Pie chart showing the breakdown of emissions across the synthetic fertilizer lifecycle. Manufacturing = 38.8%; application - direct soil emissions = 33.6%. Spraying is just 7.6%.

Step 1. Production

Different types of fertilizers can be produced in a variety of ways depending on the raw material source.

Raw material extraction

Nitrogen-based fertilizers typically depend on natural gas for hydrogen to make ammonia (NH3). For nitrogen-based fertilizers, the production of ammonia is the most carbon-intensive production process, because traditional production methods involve sourcing hydrogen from natural gas. 

The extraction of natural gas releases large amounts of methane, which has a 27-30 times higher global warming potential than CO2.

Phosphorus-based and potassium-based fertilizers depend on phosphate ore and potash ore mining, which are less carbon intensive.

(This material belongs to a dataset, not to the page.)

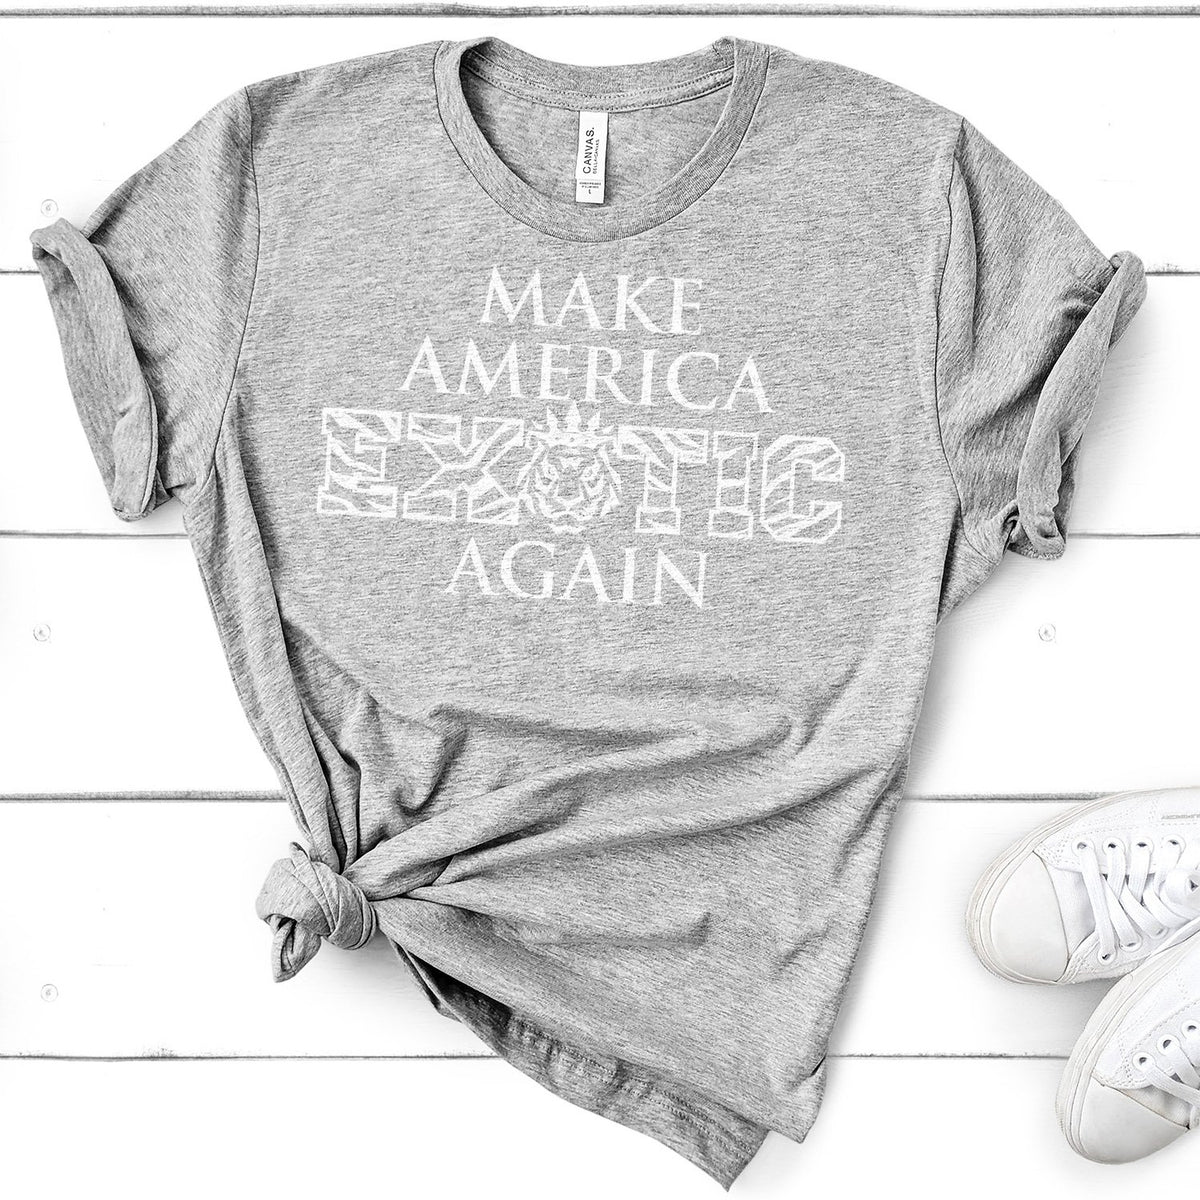 Make America Exotic Again - Short Sleeve Tee Shirt

Diagram of the production flow of main fertilizers products, from raw materials to intermediate products to mineral fertilizers. Cocvering AN, SSP, TSP, MAP/DAP, MOP, KN, SOP which come from the raw materials: Air (N2), natural gas, phopshate rock and potash rock

Step 2. Application

Nitrogen-based fertilizers also release emissions on the field. A portion of nitrogen is absorbed by plants and the rest is metabolized and released as nitrous oxide N2O (denitrification).

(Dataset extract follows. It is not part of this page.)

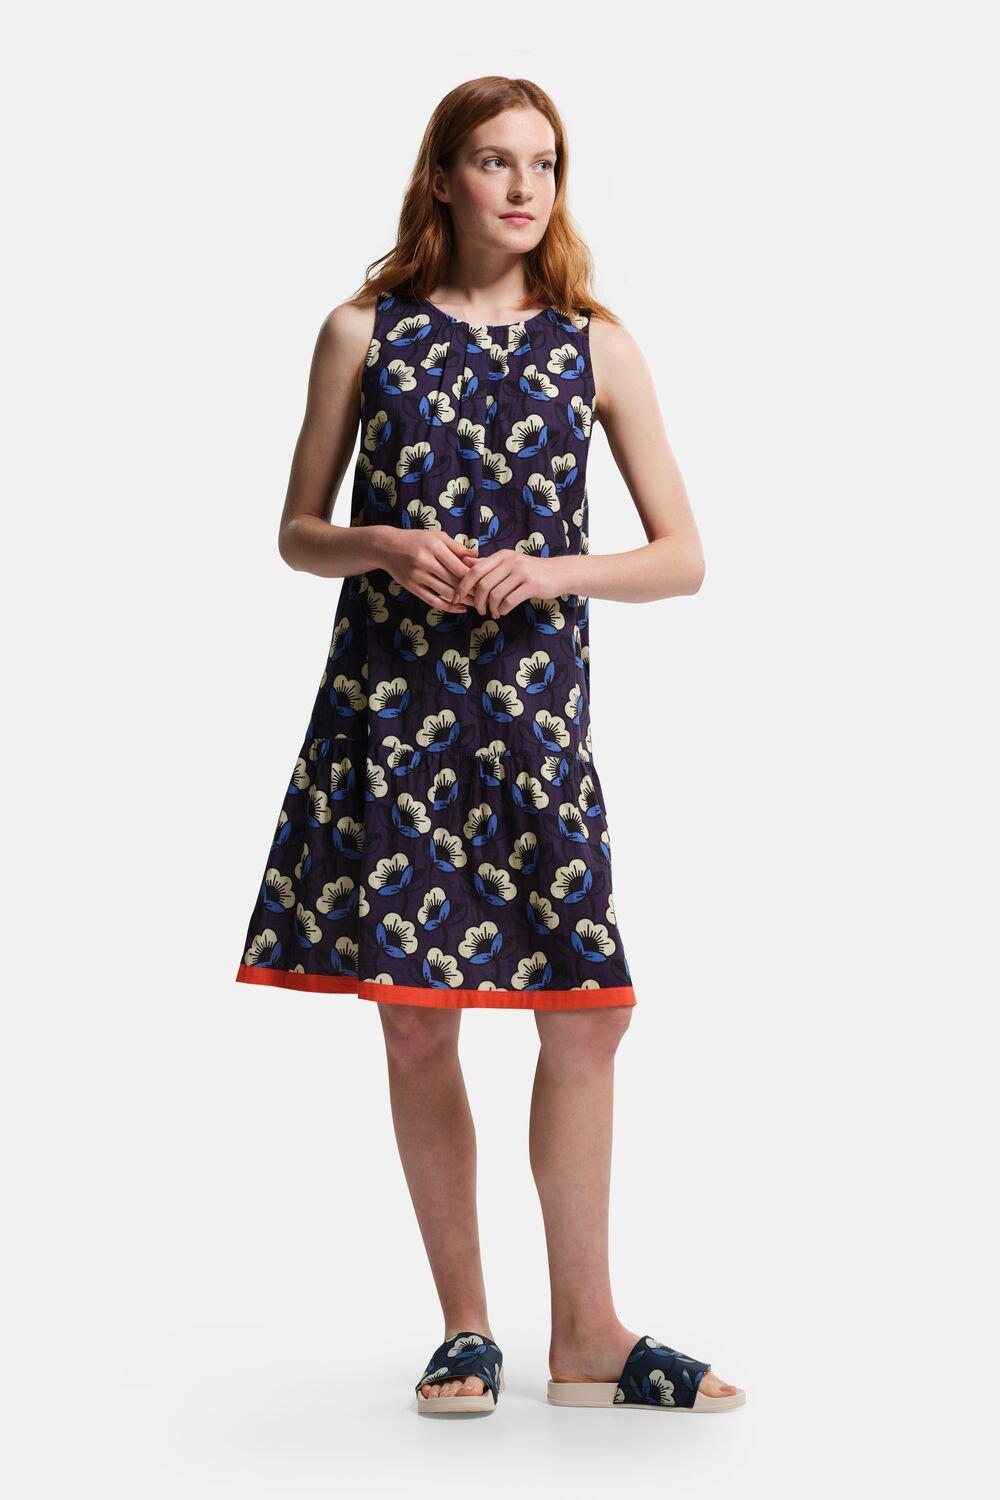 'Orla Kiely' A-Line Sleeveless Summer Dress

Diagram showing how excess fertilizer causes nitrous oxide emissions, through the input of fertilizers into soil

Who makes the greenest and dirtiest fertilizers?

China, India, USA and the EU28 (European Union countries plus the UK) account for 62% of the world’s total nitrogen-based fertilizer emissions. These emissions are the result of high fertilizer use.

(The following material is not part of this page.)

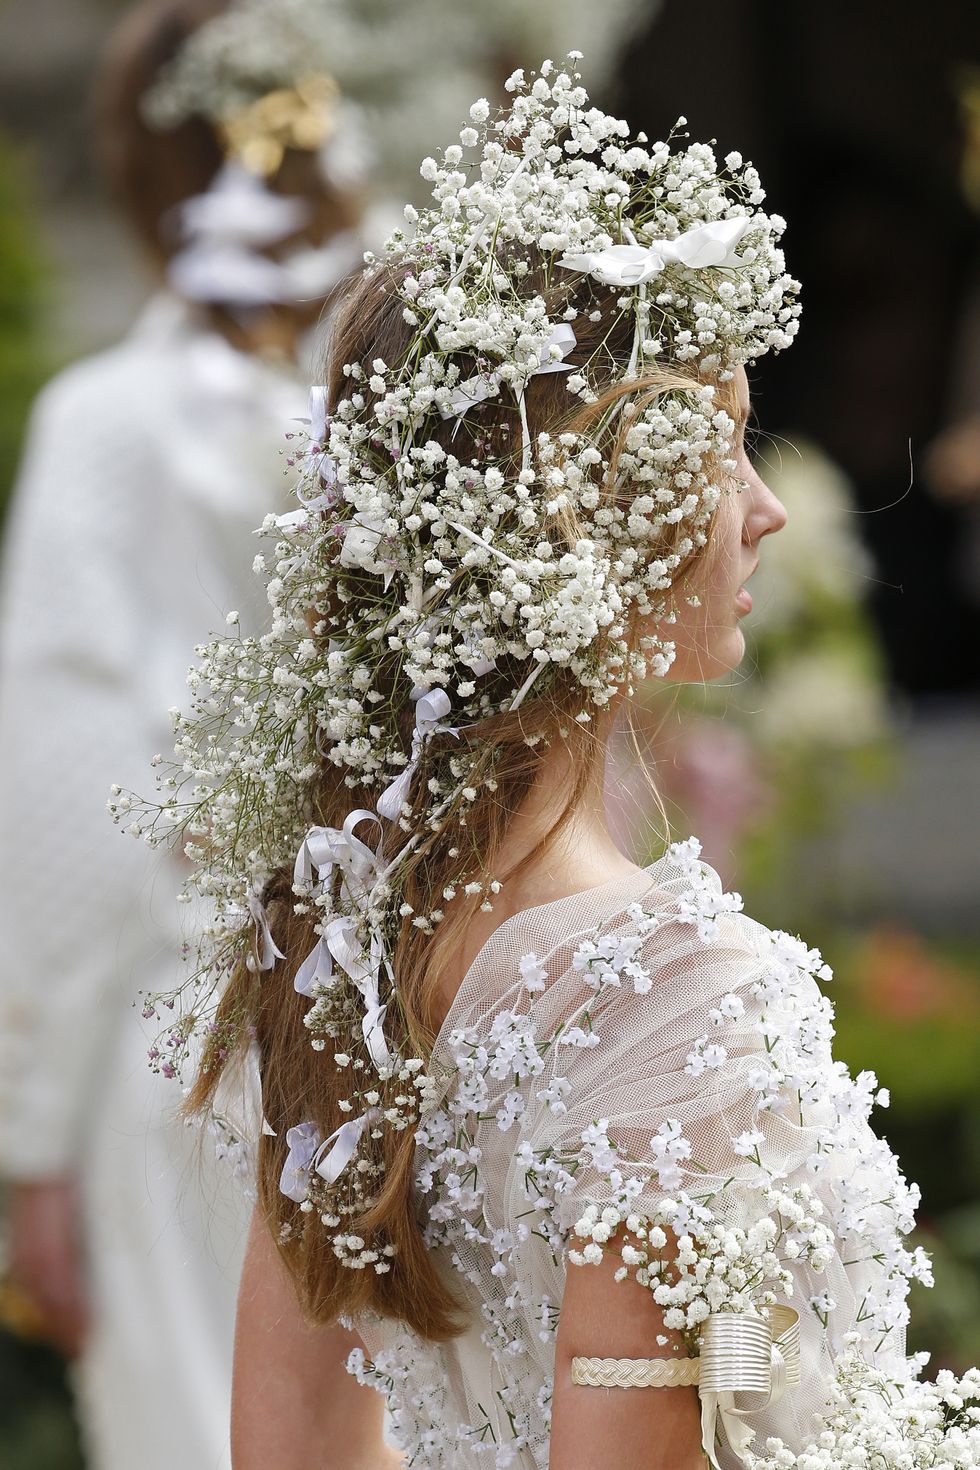 Photograph, Dress, Headgear, Petal, Wedding dress, Bridal clothing, Hair accessory, Headpiece, Bride, Embellishment,

However, countries in Latin America have the highest emissions intensity (between 16 and 18 tCO2e per tonne of nitrogen [tN]) due to the intensive use of synthetic nitrogen fertilizers and the climatic conditions. Countries in East Asia tend to have high emission intensities (as high as 32 tCO2e/tN in some parts of Indonesia) from carbon-intensive production processes. In contrast, the emissions intensities of the highest overall emitting countries remain around 10 tCO2e/tN.

EU CBAM and fertilizers

The EU’s new Carbon Border Adjustment Mechanism (CBAM) puts a price on emissions associated with fertilizers produced in countries outside the EU and imported into the EU. From 2026, importers will have to buy CBAM certificates for emissions, corresponding to the EU Emissions Trading System for EU-produced goods. Until 2026, fertilizer importers don't have to pay for imported emissions but must report direct and indirect emissions associated with the fertilizers they import on a quarterly basis, relying on supplier information. 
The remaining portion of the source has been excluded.